Given data:
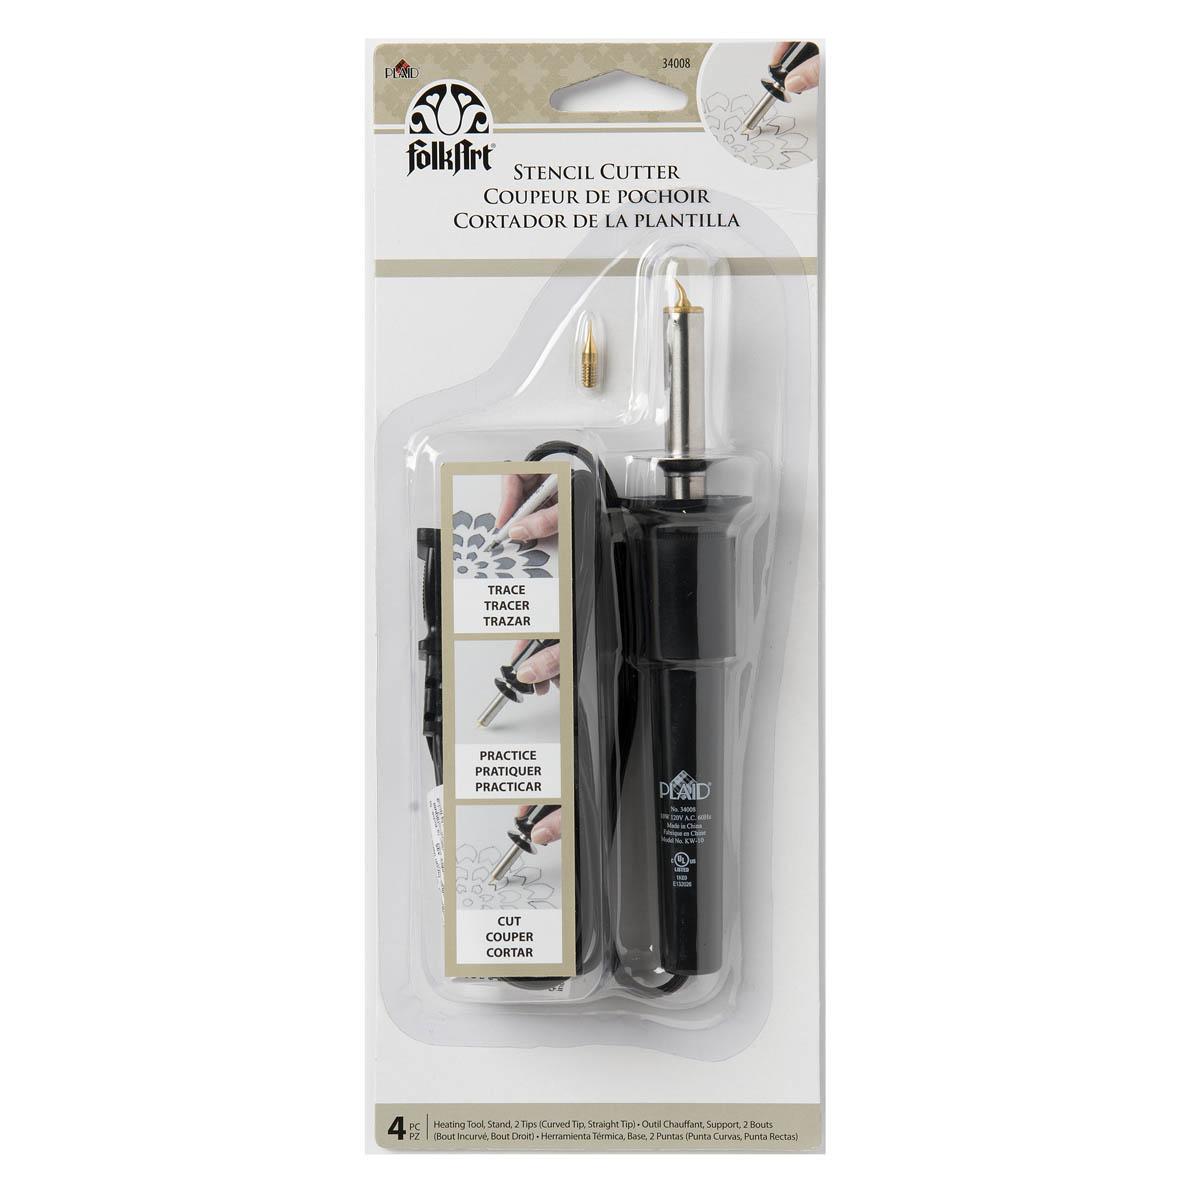 FolkArt ® Painting Tools - Stencil Cutter
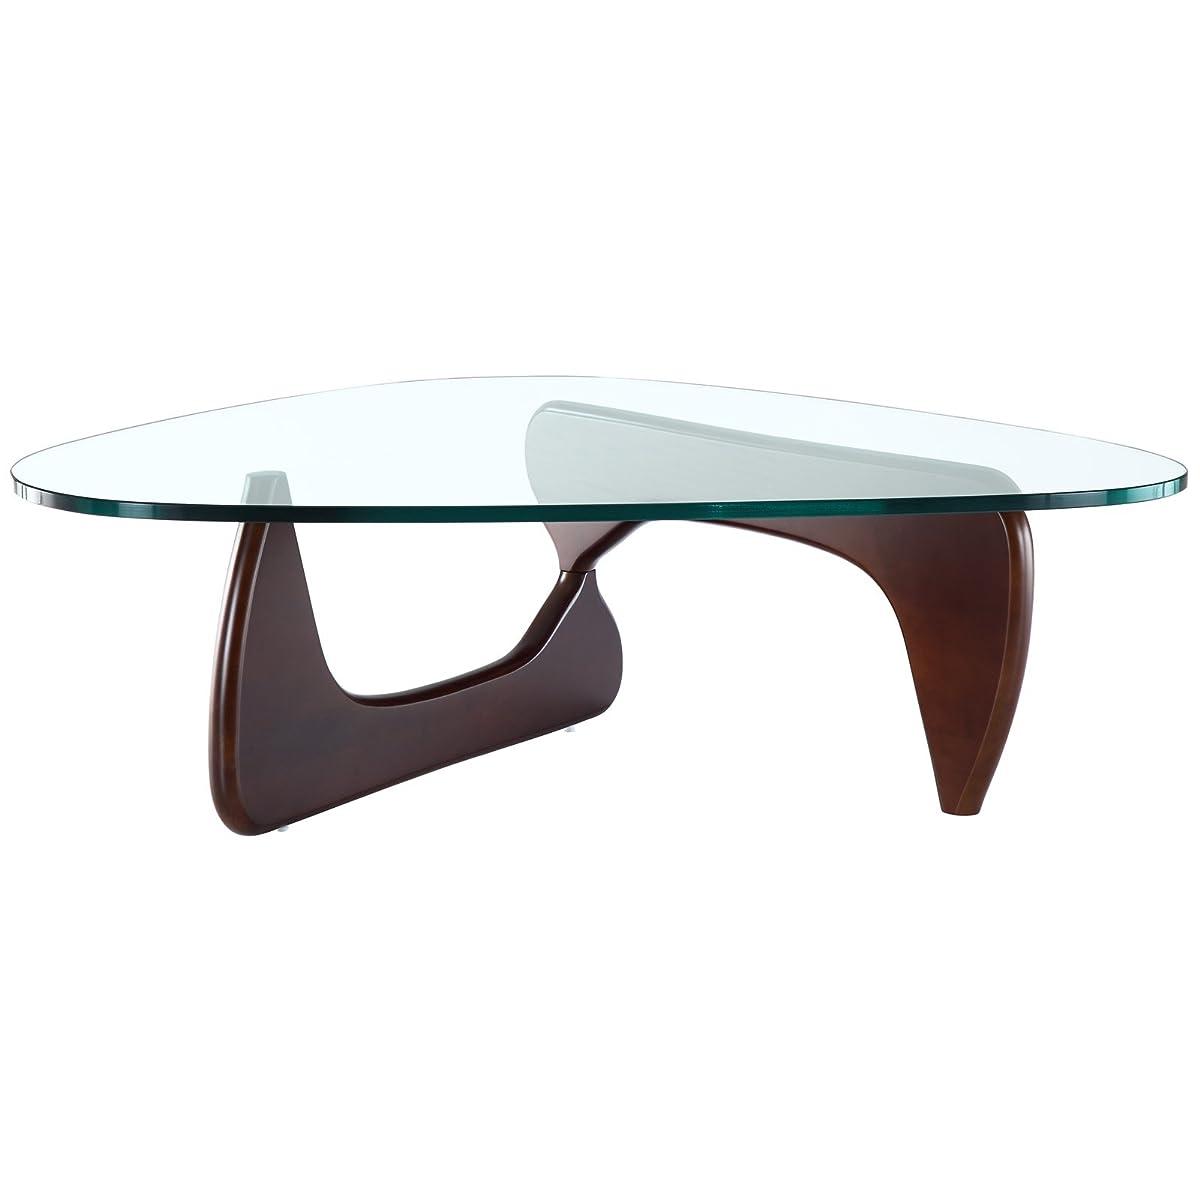 Modway Triangle Coffee Table in Dark Walnut
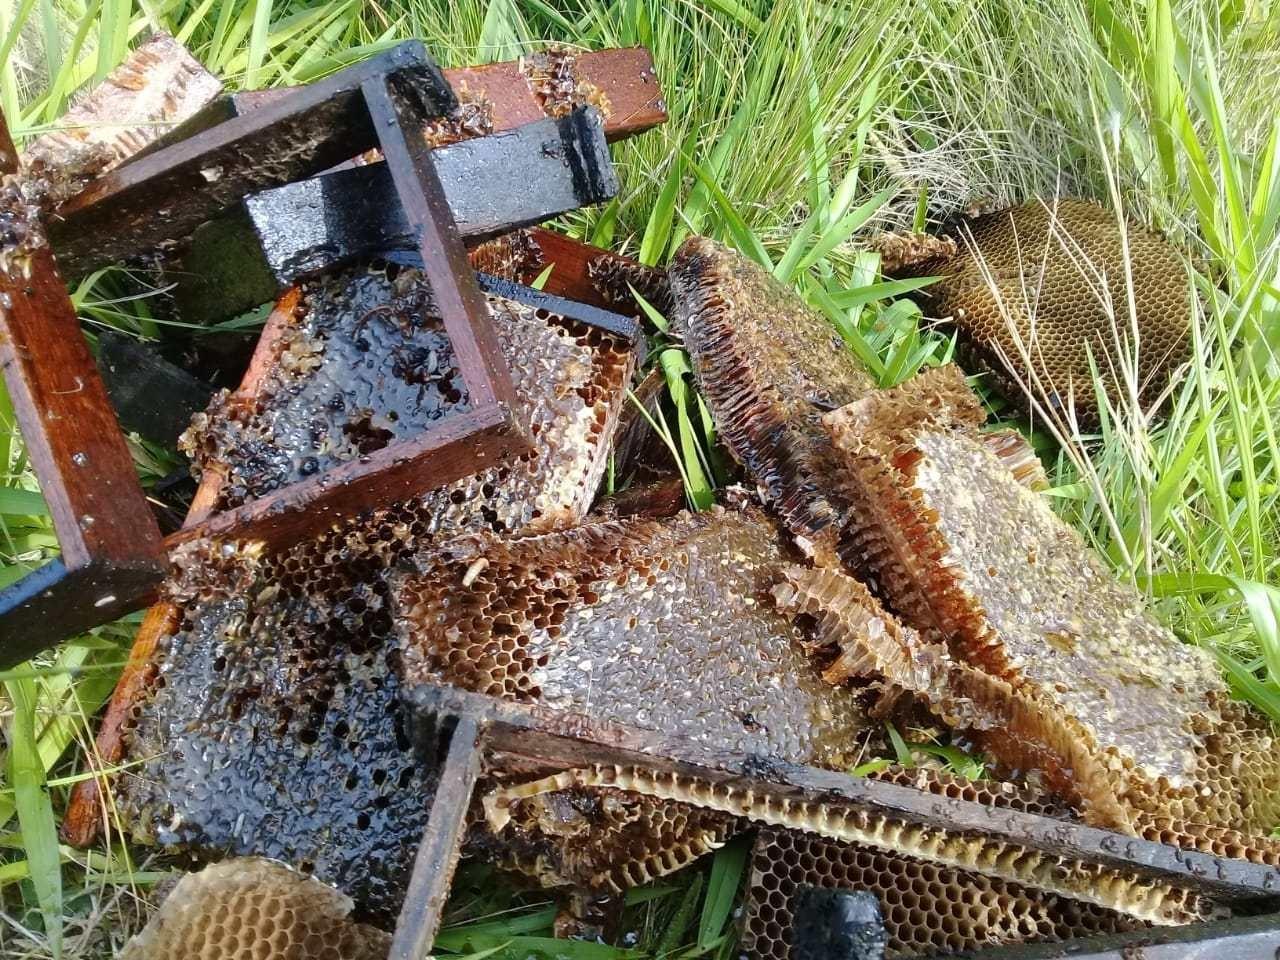 Cerca de 100 milhões de abelhas foram encontradas mortas em Cruz Alta apenas no último trimestre (Foto: Salvador Gonçalves/Apicruz)

Assignment:
Copy out the data above exactly, except the pictures.

Answer to this task:
 FolkArt ® Painting Tools - Stencil Cutter
 Modway Triangle Coffee Table in Dark Walnut
 Cerca de 100 milhões de abelhas foram encontradas mortas em Cruz Alta apenas no último trimestre (Foto: Salvador Gonçalves/Apicruz)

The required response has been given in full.